ASSIGNMENT
When you copy the material below, keep every line exact and omit the pictures.

*** DATA Section Begins ***

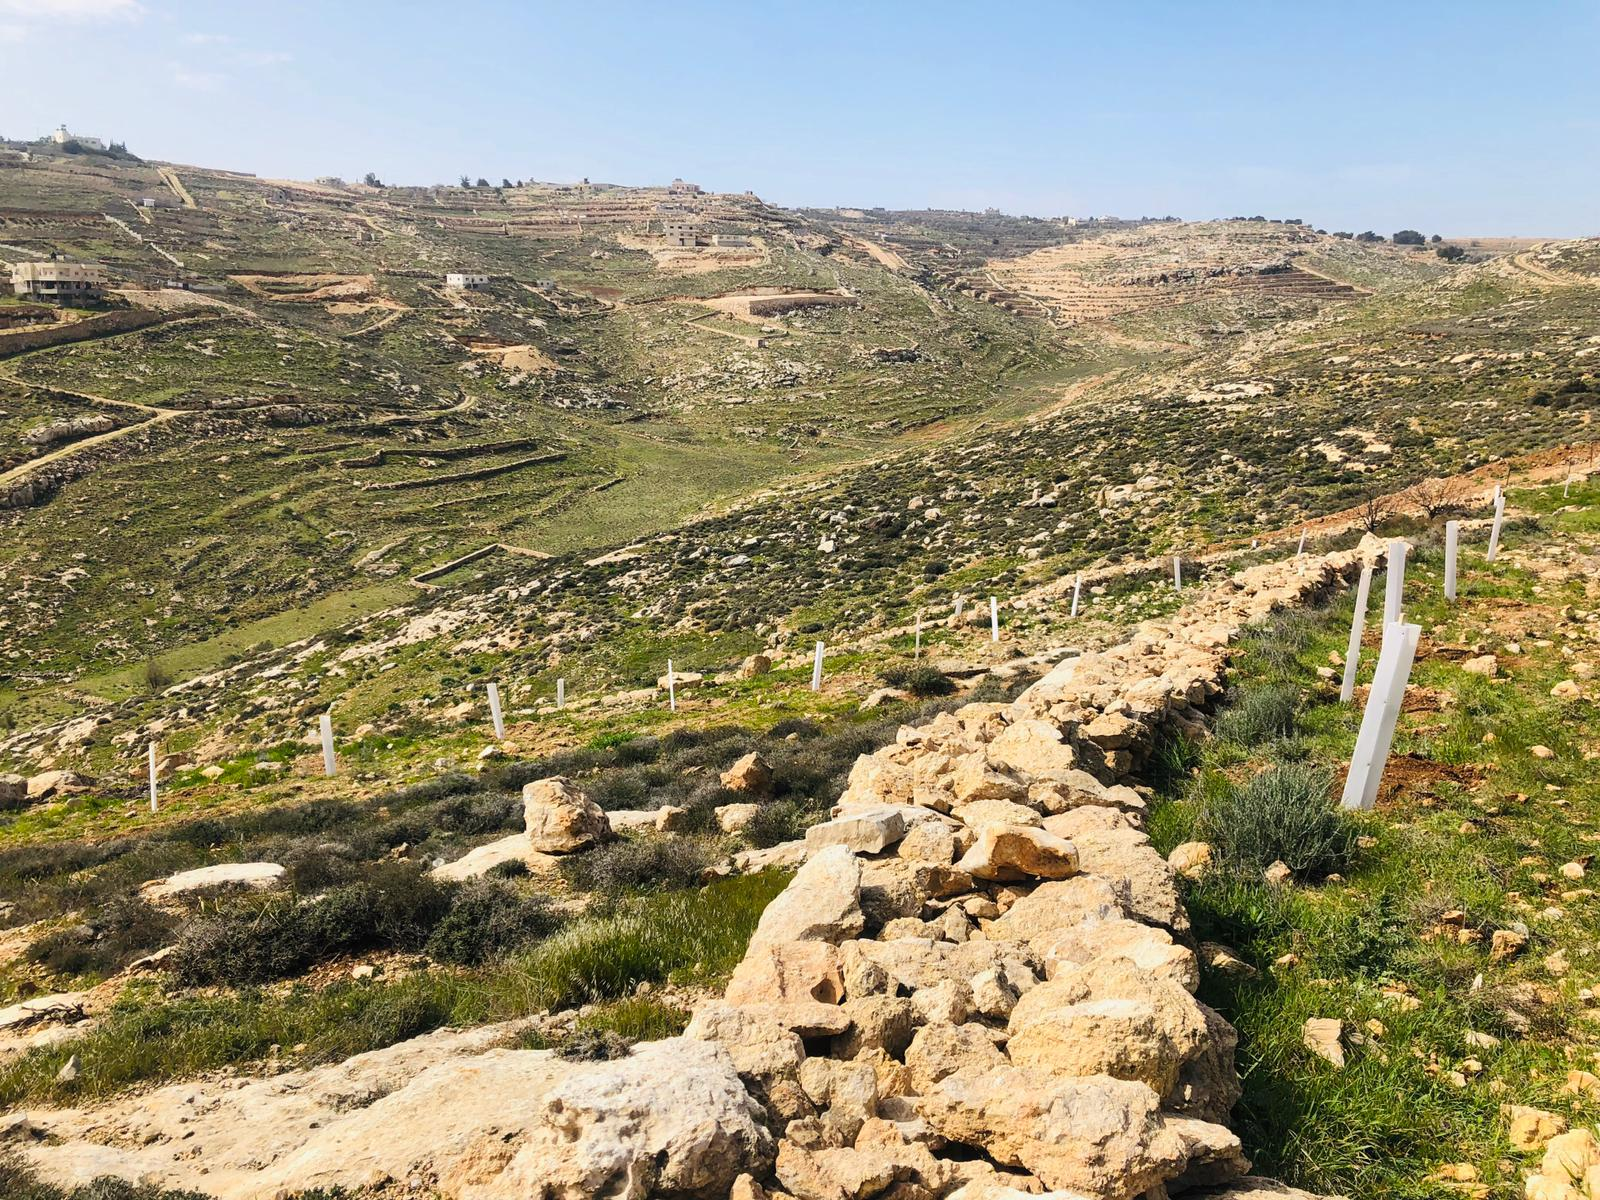 In de witte hulzen zijn de olijfbomen beschermd tegen hongerige schapen
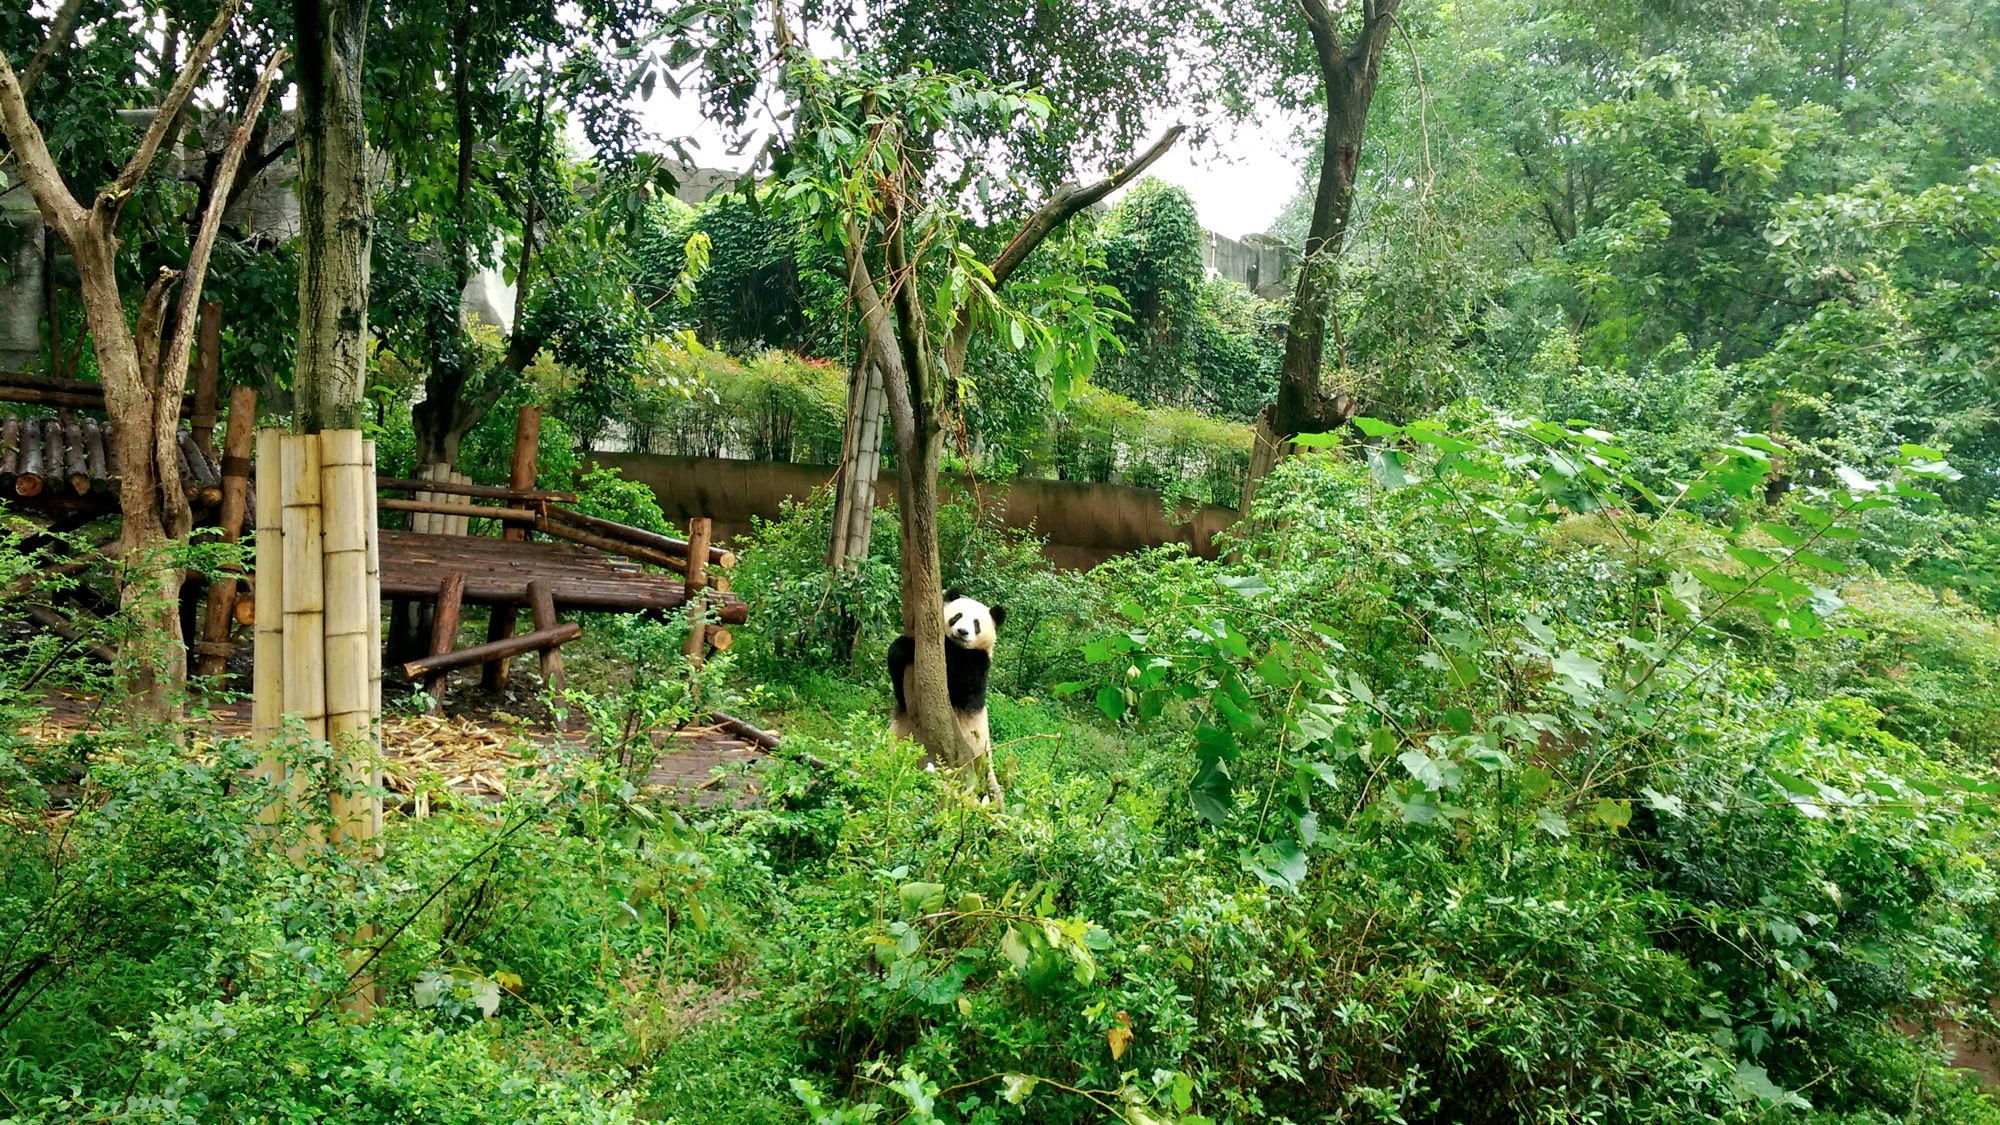 Cute panda climbing a tree on the Full-Day Panda Hometown tour in Chengdu, China
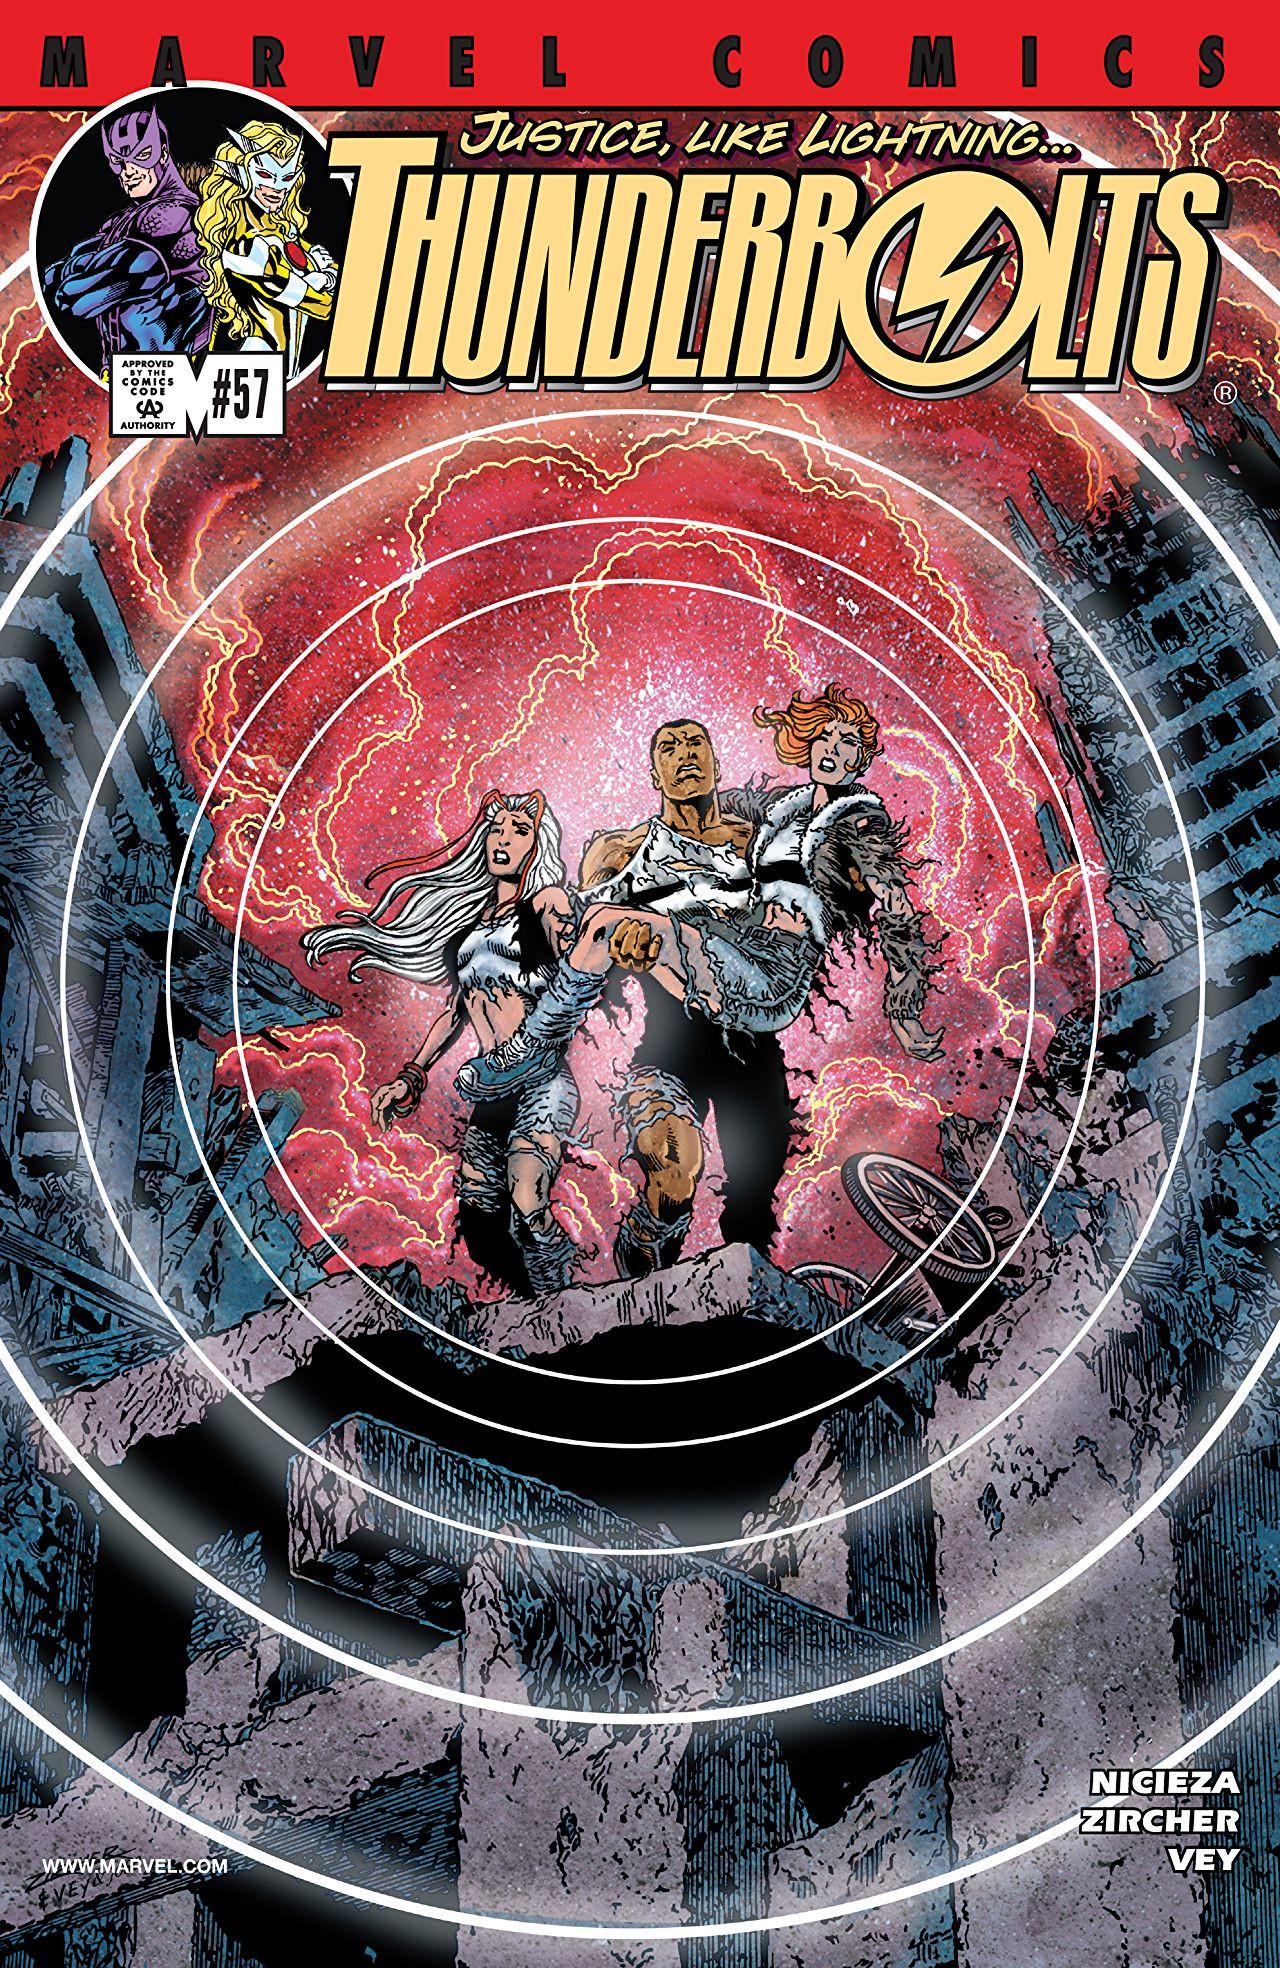 Thunderbolts Vol 1 57.jpg

*** DATA Section Ends ***

ANSWER BOX
 In de witte hulzen zijn de olijfbomen beschermd tegen hongerige schapen
 Cute panda climbing a tree on the Full-Day Panda Hometown tour in Chengdu, China
 Thunderbolts Vol 1 57.jpg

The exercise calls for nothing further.